How do we stop the upvoting of unanswerably incomplete questions and unattempted homework?
I could list examples, but we've all seen plenty, so that's beside the point.
How do we stop the upvoting of unanswerably incomplete questions and unattempted homework?
I could list examples, but we've all seen plenty, so that's beside the point.
I'd strongly recommend going about making this major time sink less of a major timesink by introducing a specific close reason. This was discussed and agreed upon. This saves you the time to comment and gives the asker a positive way forward.
Also, if possible, we'd add the rule very specifically to the help "What can I ask about" and "What type of question should I avoid asking" pages. Unlike "fitting" the "needs more focus" or a custom verbage close reason to the question, which always leaves room for discussion, this establishes a fair (as possible - this is run by humans, after all) base to judge all questions. It's always better to say "hey, welcome here, but this is not the type of question you can ask here, see our definition" than to be like "and by common opinion, your question isn't welcome here".
It is unnerving, but there is no way to stop people from upvoting questions, from a moderation perspective. Moderators don't have control over voting, this is up to the community. If you see a bad question, then be sure to downvote. I see many questions that the community hands off to the moderation system when only a downvote would be appropriate.

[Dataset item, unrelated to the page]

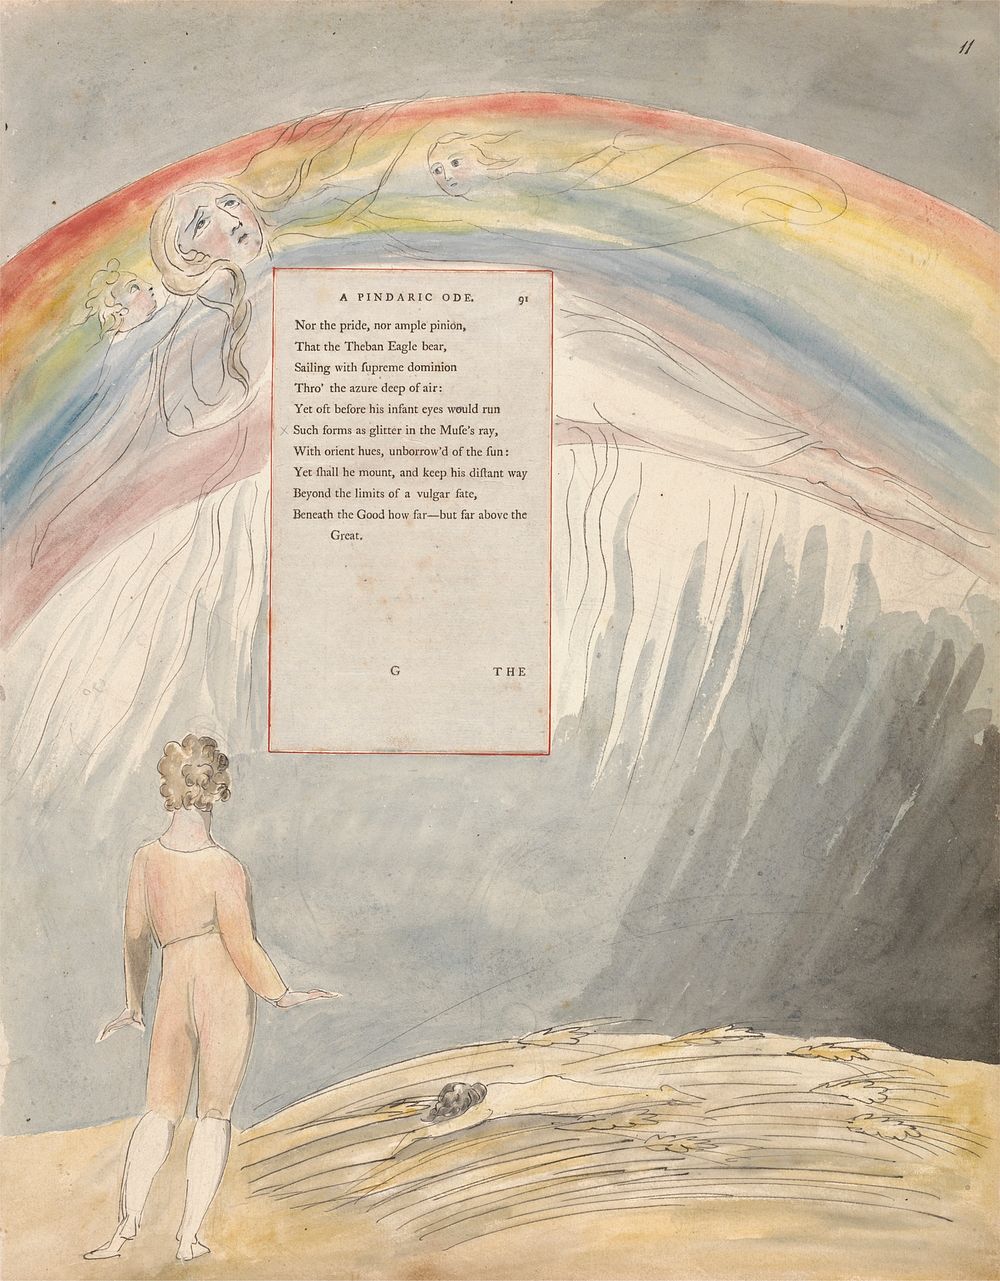 The Poems of Thomas Gray, Design 51, "The Progress of Poesy." by William Blake. Original public domain image from Yale…

If you see a homework question (that is also off topic, Homework questions are allowed, but they need an attempt at a solution, if they don't then they are off topic and) you can also flag it and let a moderator take care of it.
Just in case your wondering, the voting system is what it is: "Moderators can see more data in the system, including vote statistics (but not ‘who voted for this post’) and user profile information."
https://electronics.stackexchange.com/help/site-moderators
IMO this is because stack exchange does not want anyone to manipulate the voting system, not even a moderator. The only time votes are ever touched is in voting fraud.